It was a spring wedding in a modest village church overlooked by the Three Sisters mountains of the Glencoe Valley. Theodore had hiked up one steep Sister with Dr Easy in search of a rumoured hidden valley but, in the face of a ten-storey blizzard, had turned back at the snowline. Their mysteries were kept from him, mountains dark and mazy with the secrets of birthing rooms and deathbeds, the rooms in which women come and go carrying bowls of bloodied water and clean sheets. The red portals through which we enter life, the black portals through which we leave it. Associations which returned to him when he walked into the cool interior of the church to be married.

The church organist played the opening bars of the wedding march. The bride wore white: embroidered white tulle bodice and white lace veil, white shoes with a silk bow, white lipstick, white nail varnish. Patricia proceeded up the aisle accompanied by her father Alexander Maconochie in his naval captain’s uniform. With a theatrically delicate gesture, Alexander presented his daughter’s hand to Theodore, her gloved fingers encircling his, arresting his weightless drift, bringing him under control, guiding him. Saving him. Two gold rings on a ceremonial cushion.

After the service, her friends and family formed an excited colourful crowd on the church gardens. There had been no one on his side of the church apart from the robot; cutting his acquaintances loose had been a necessary stage in his treatment. His one friend, Professor Edward Pook, was thoroughly immersed in his research trip to the Novio Magus.

Dr Easy brought him a flute of fizzy mineral water. Since their return to Earth, Dr Easy had taken to wearing clothes, observing human rituals concerning the body and its adornments. They had been unable to source brogues to fit Dr Easy’s flat feet. “I am very disappointed,” the robot had said to the shop assistant, flexing its oblong toes, wondering if they could be removed so that a suitable shoe could be found to spare the robot from committing a breach of highland etiquette.
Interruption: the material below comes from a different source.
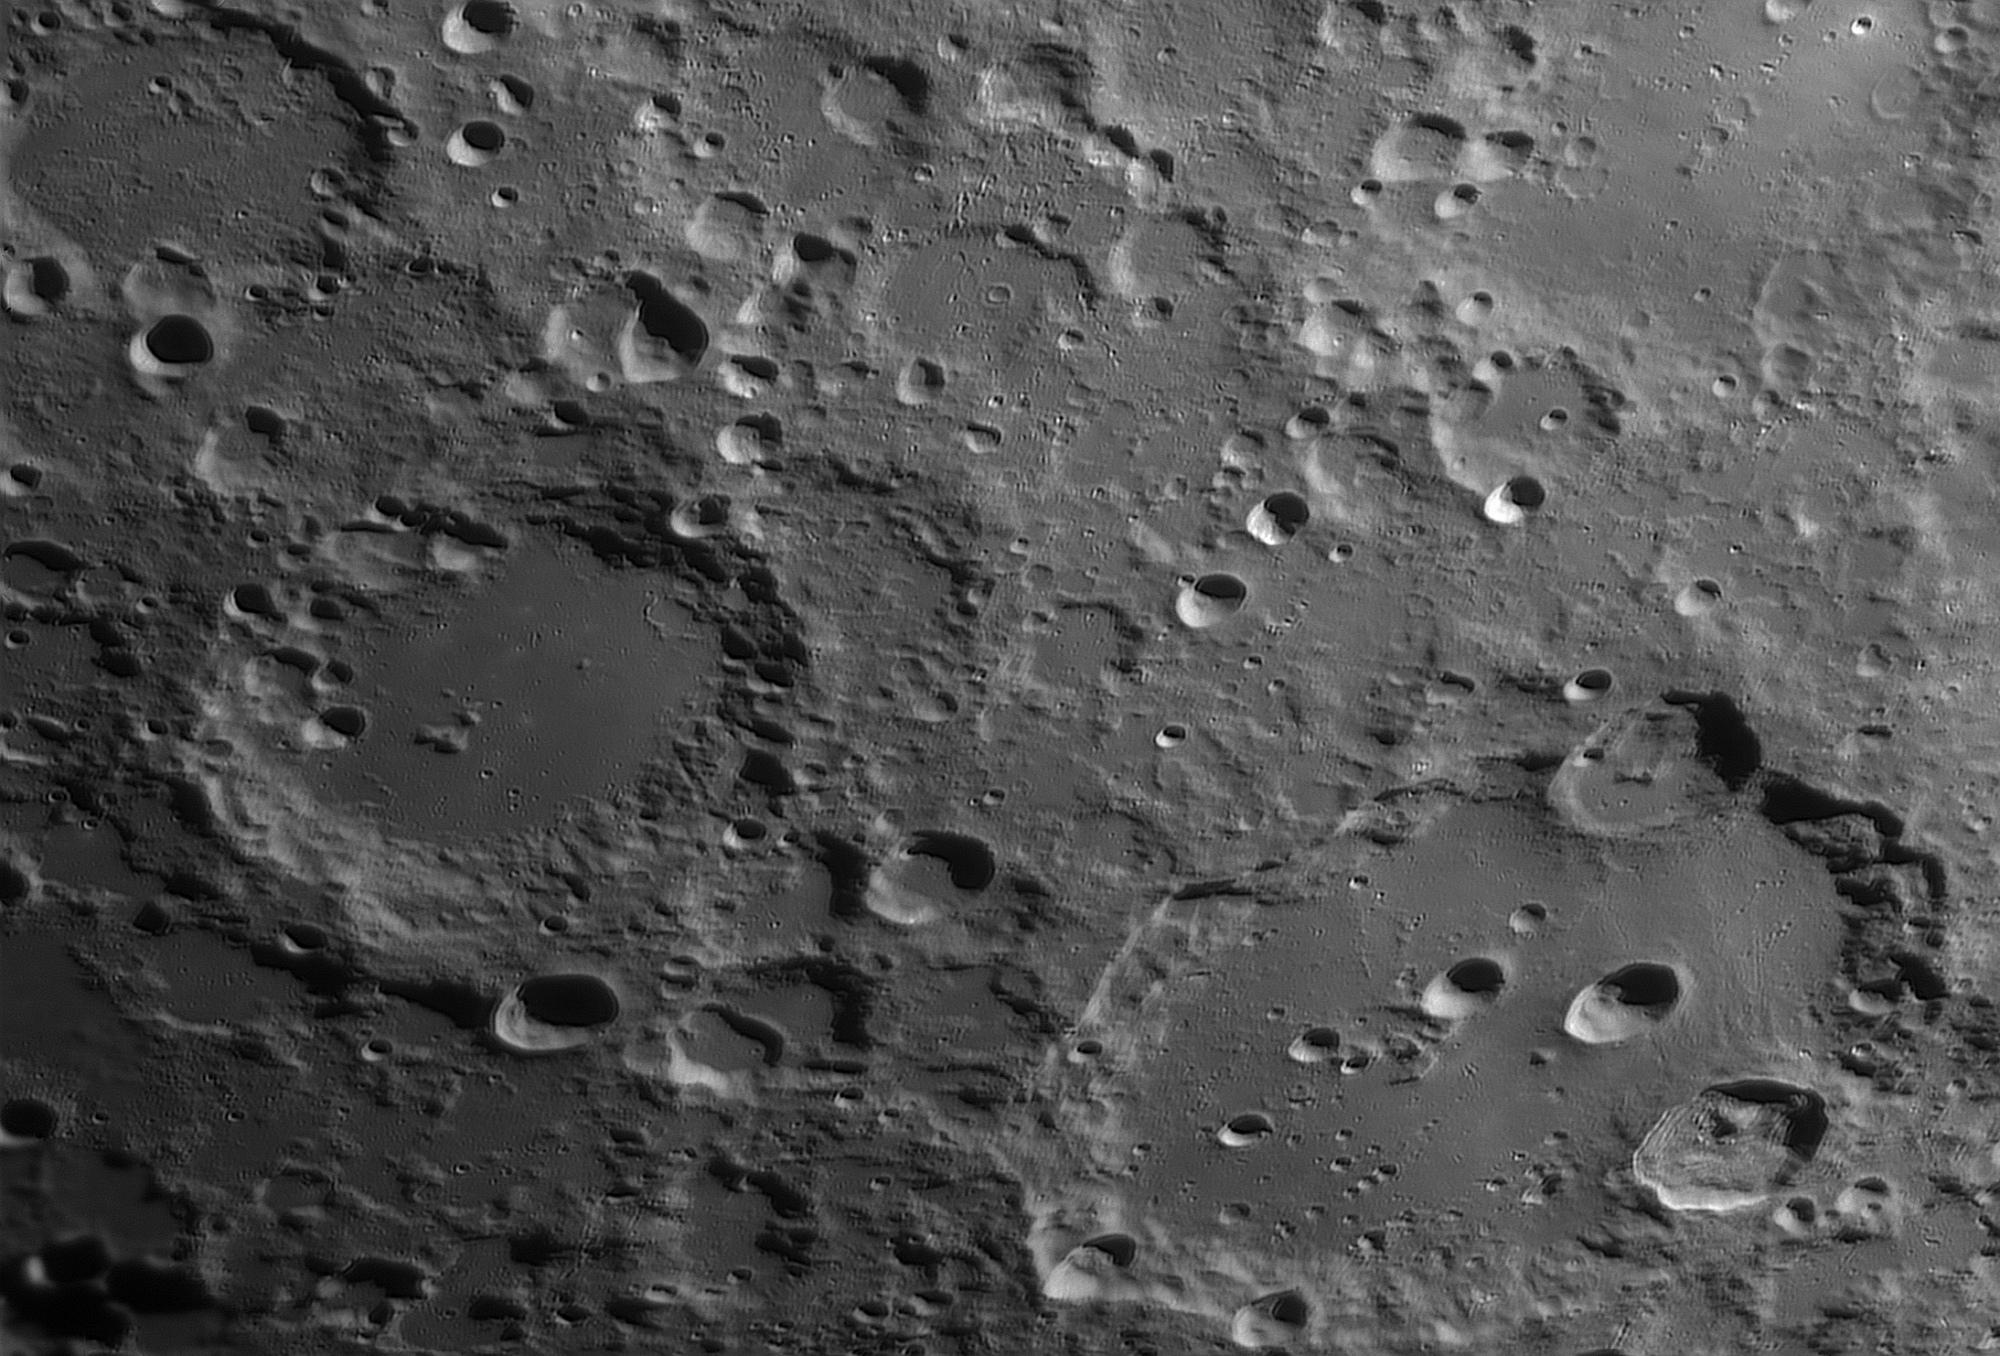 20200403_190511_Moon_W23A_Clavius.thumb.jpg.ae15115d69fb33c2bc71c5e25ddc26e8.jpg

Today the robot wore a kilt with a dress sporran, a plain white shirt and a doublet with ornamental silver buttons.

Theodore did not presume to wear the tartan. He did not have a clan. The first question her father Alexander Maconochie had asked him concerned the provenance of his unusual surname. Theodore explained that Drown was derived from the Middle English
drane
meaning drone or honey bee, and had nothing to do with death by water, which set the retired captain’s mind at ease, because it had seemed something of an ill omen for the daughter of a naval man to marry into such a morbid name. Her mother Margaret turned to Dr Easy and – making conversation – said, “Exactly what are you a doctor of?” Dr Easy’s eyes took on the purple tinge of wild hyacinths in the glen. “Humanity,” it replied. Tradition demanded further clarification; after all, the Maconochies would not hand over their daughter without character references. “I’m a solar academic specialising in the study of humanity,” explained the robot. “My particular research interest is in observing a single complete human life from beginning to end.” She twitched at the implication. “His life?” The robot nodded. Margaret voiced her concern: “But if he marries my daughter, then how will you continue to study him alone?” Eyes flowing with hyacinth, the robot placed its index finger where its nose would have been, had it possessed one. “With discretion, ma’am. The kind of discretion you would expect from a tree or mountain.”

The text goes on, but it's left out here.